## What you are asked to do
All of the data, except its images, should be set down exactly as it appears.

## Stored data
+ + + + +
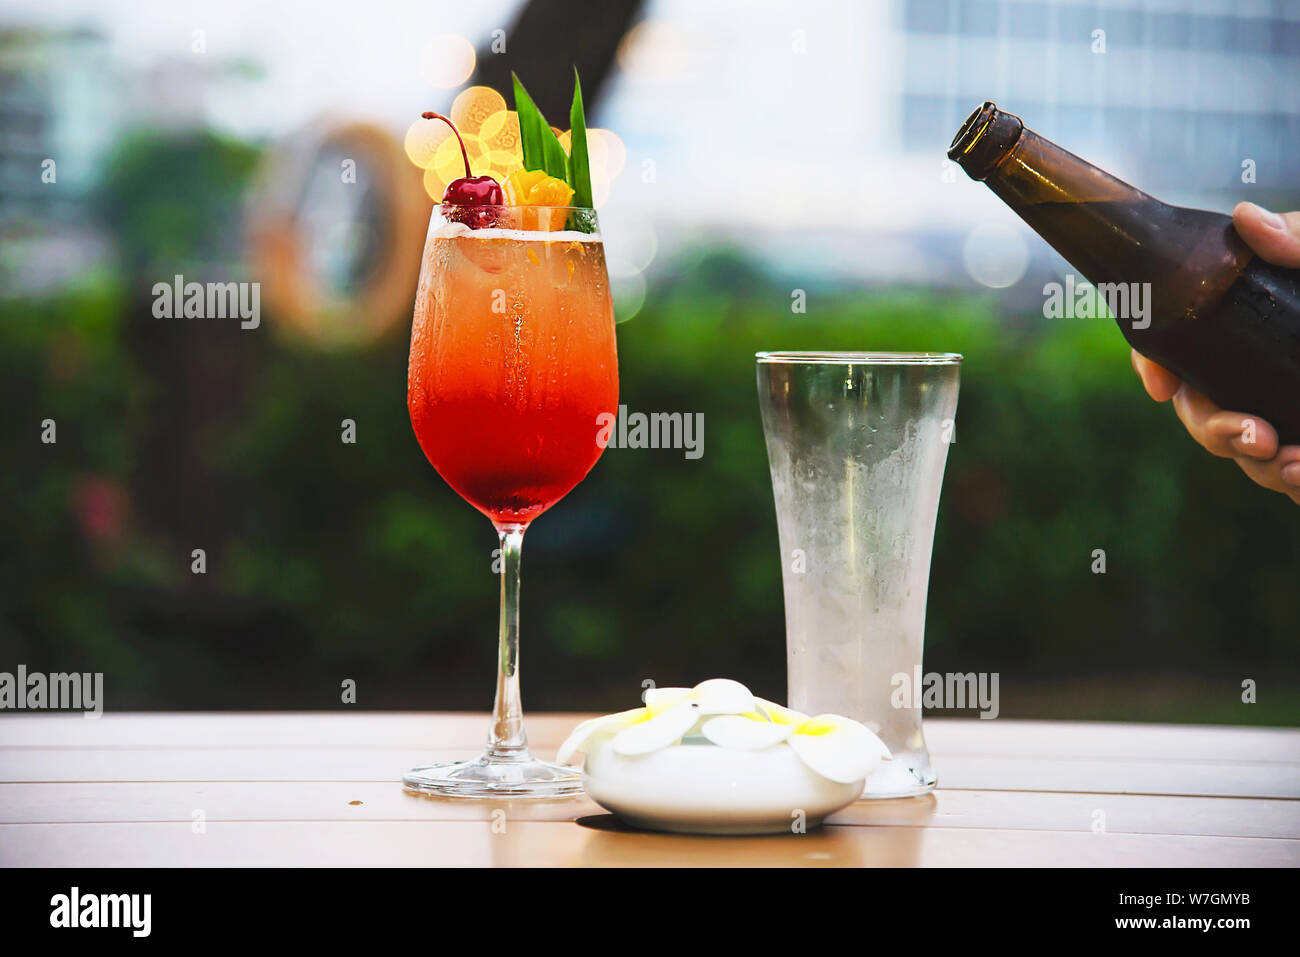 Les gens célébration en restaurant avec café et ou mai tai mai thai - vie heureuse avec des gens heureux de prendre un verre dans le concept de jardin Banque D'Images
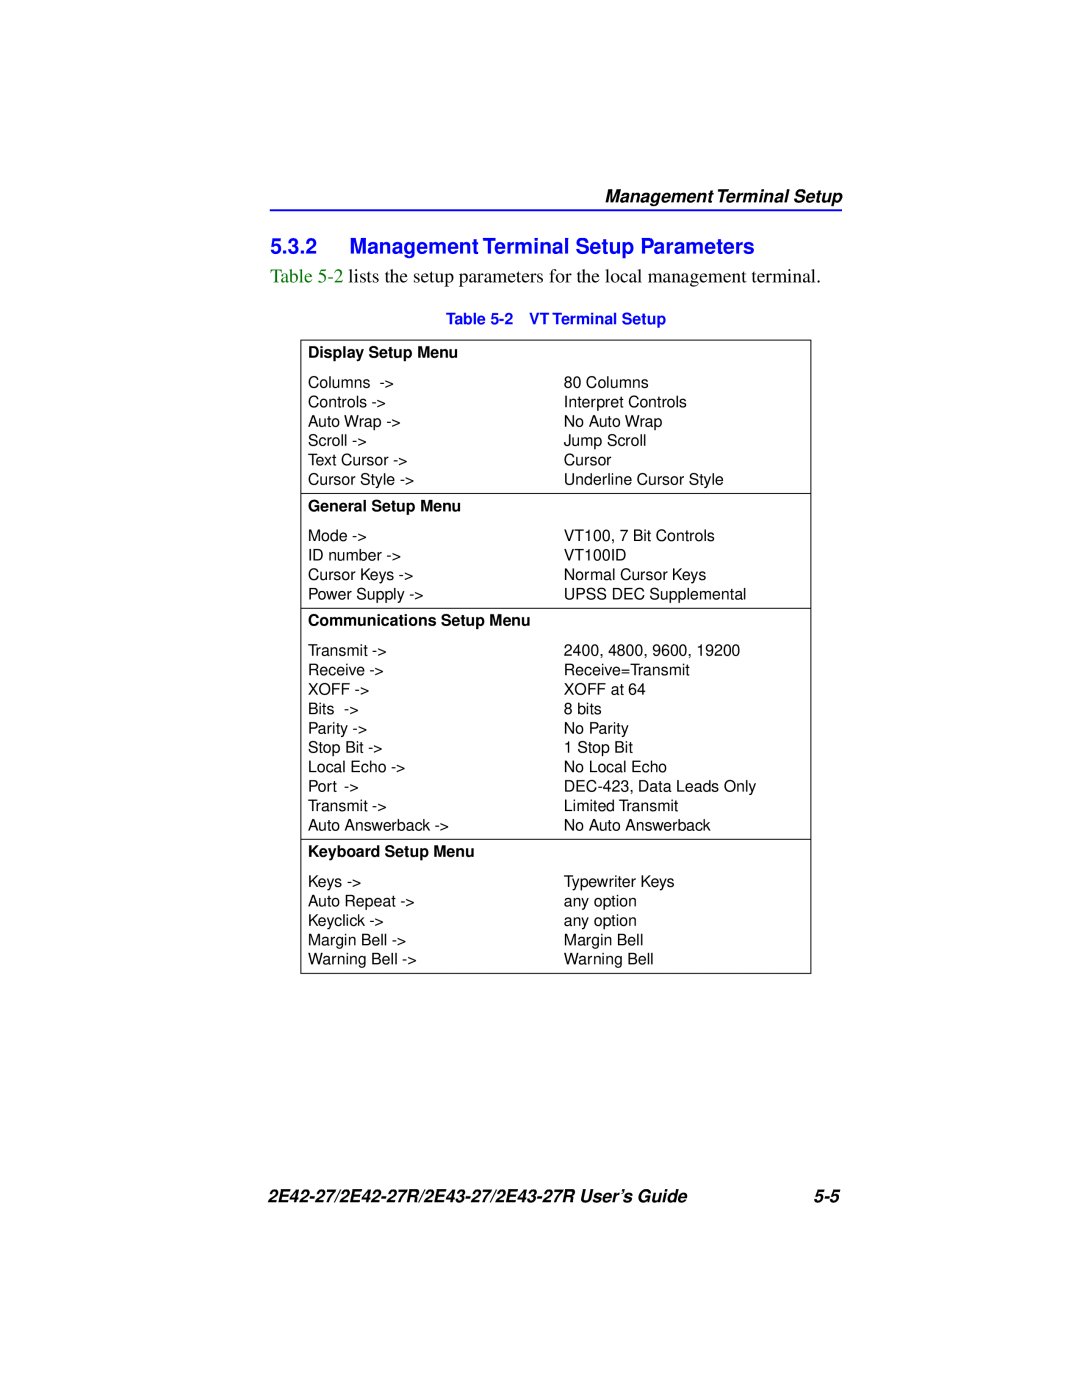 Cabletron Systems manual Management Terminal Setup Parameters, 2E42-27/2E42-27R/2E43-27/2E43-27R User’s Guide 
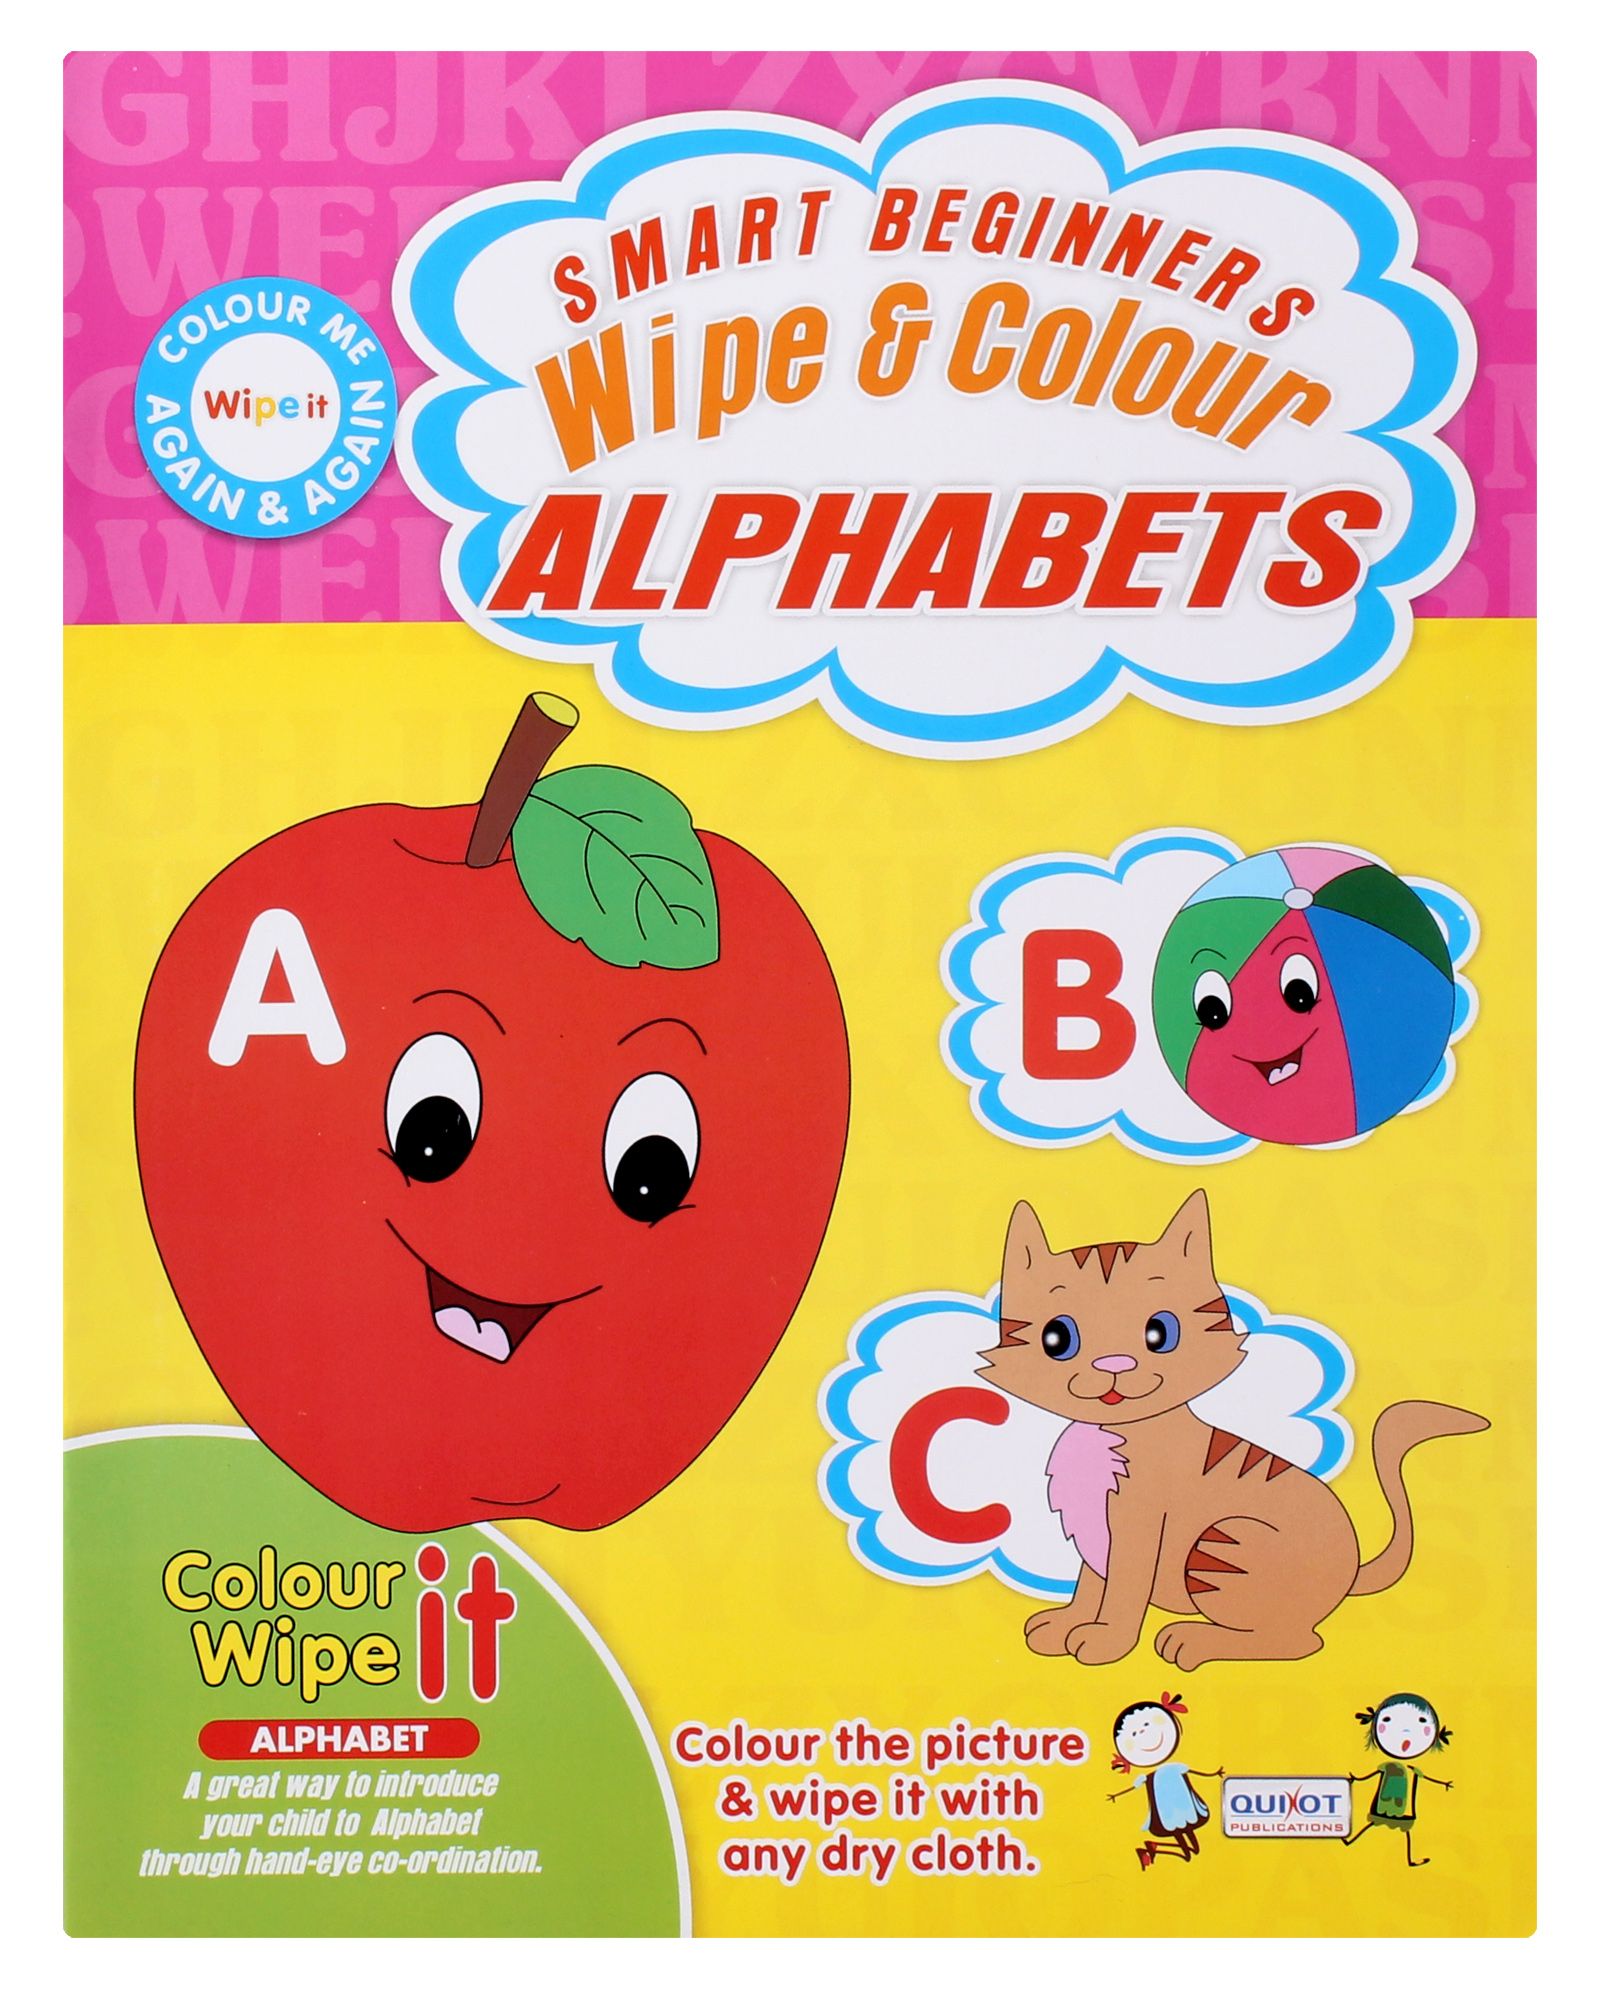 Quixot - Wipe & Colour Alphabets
+ + + + +
## Expected answer
 Les gens célébration en restaurant avec café et ou mai tai mai thai - vie heureuse avec des gens heureux de prendre un verre dans le concept de jardin Banque D'Images
 Cabletron Systems manual Management Terminal Setup Parameters, 2E42-27/2E42-27R/2E43-27/2E43-27R User’s Guide 
 Quixot - Wipe & Colour Alphabets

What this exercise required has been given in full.